The studied cohort initially comprised 396 individuals from France and Quebec, drawn from four different cohorts recruited between 2003 and 2023. These individuals were either diagnosed with first-episode psychosis - schizophrenia (SCZ) or bipolar disorder (BD) or identified as having an ultra-high-risk (UHR) status. They were followed up for 12 months to monitor the transition to psychosis, with UHR-C denoting those who converted to psychosis and UHR-NC standing for those who did not.

Only the patients with established phenotype were considered in the following analysis. The patients with unknown outcome were excluded. 

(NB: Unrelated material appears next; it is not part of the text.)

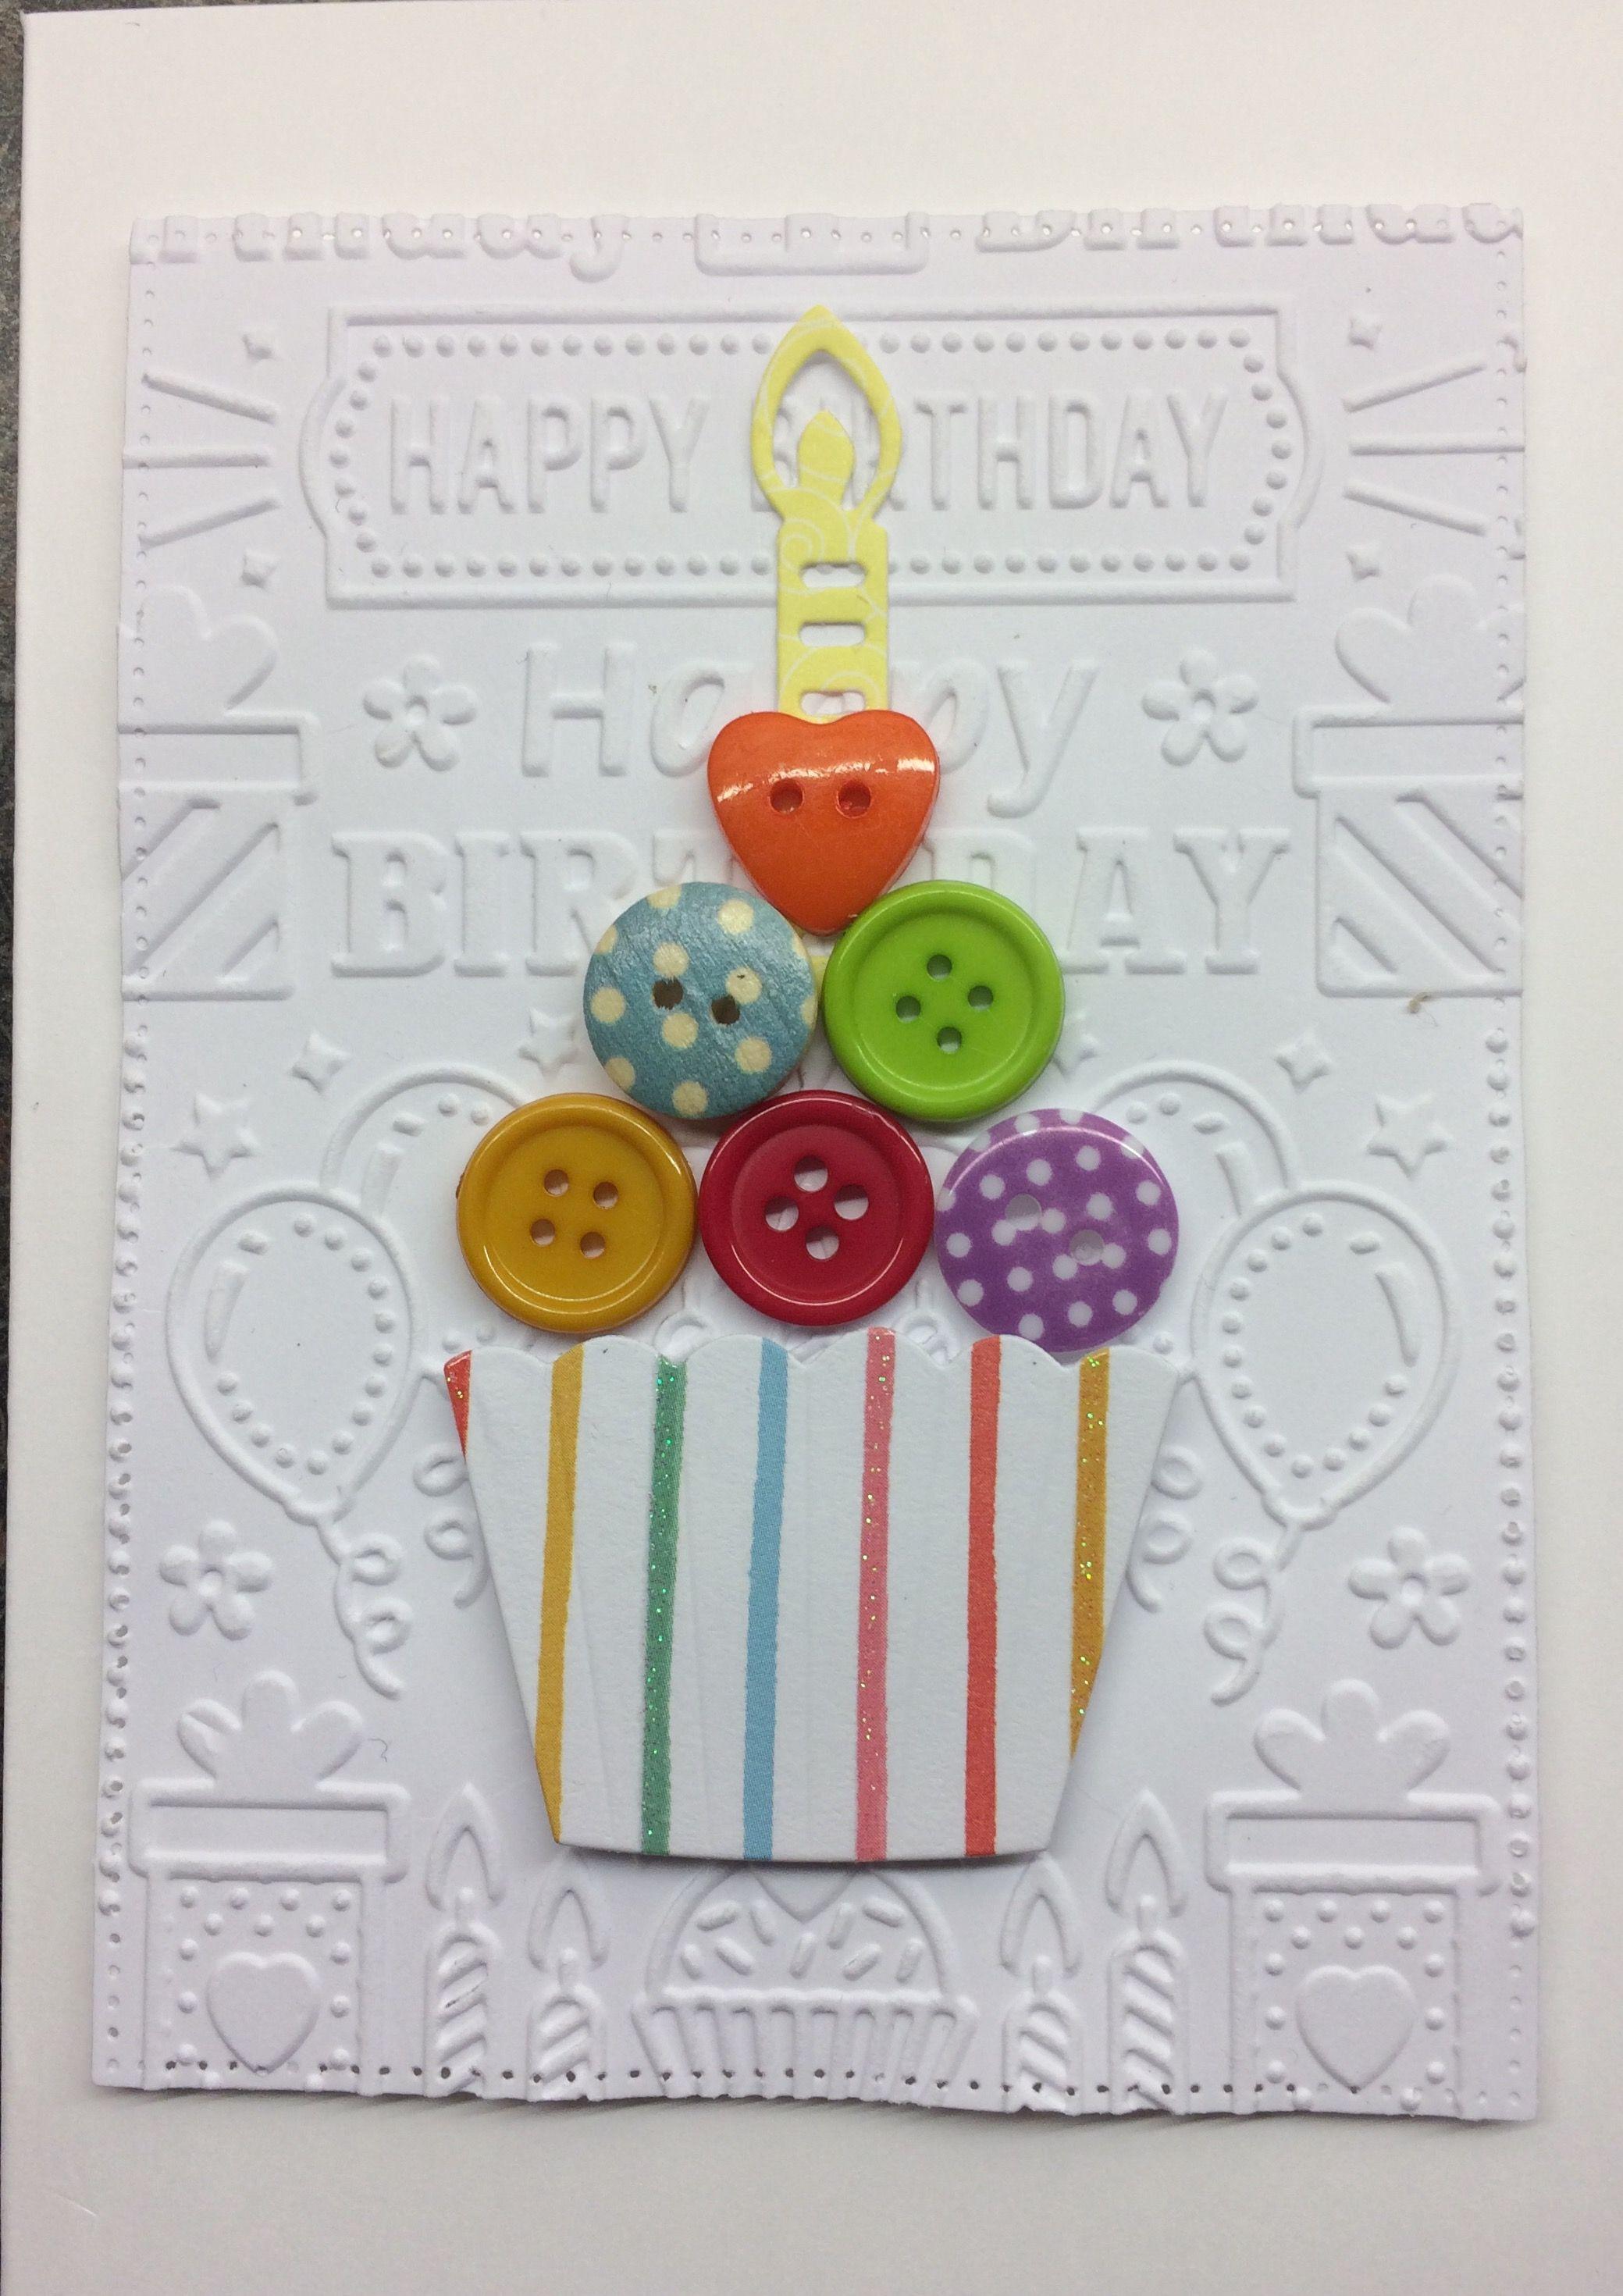 Best Friend Birthday Pebble Art Card Unique Handmade Card For Etsy Unique Handmade Cards Best Friend Birthday Cards Birthday Cards For Friends

Clinical variables reflect different scales of symptom severity:  
  
- **PANSS** (Positive and Negative Syndrome Scale for Schizophrenia) - Evaluates symptom intensity in schizophrenia through three subscales: positive symptoms (7 items), negative symptoms (7 items), and general psychopathological symptoms (16 items). Each item is scored from 1 to 7, yielding a total score ranging from 30 to 210.
  
- **BPRS** (Brief Psychiatric Rating Scale) - Rapidly assesses major psychiatric symptoms with 18 items scored from 1 to 7, providing an overview of psychiatric symptoms with a total score ranging from 18 to 126.
  
- **SANS** (Scale for the Assessment of Negative Symptoms) - Assesses the severity of positive symptoms in schizophrenia.
  
- **SAPS** (Scale for the Assessment of Positive Symptoms) - Assesses the severity of negative symptoms in schizophrenia.
  
- **YMRS** (Young Mania Rating Scale) - Assesses manic symptoms, particularly during initial episodes of psychosis, with 11 items scored from 0 to 4 (or 8), providing a total score ranging from 0 to 60.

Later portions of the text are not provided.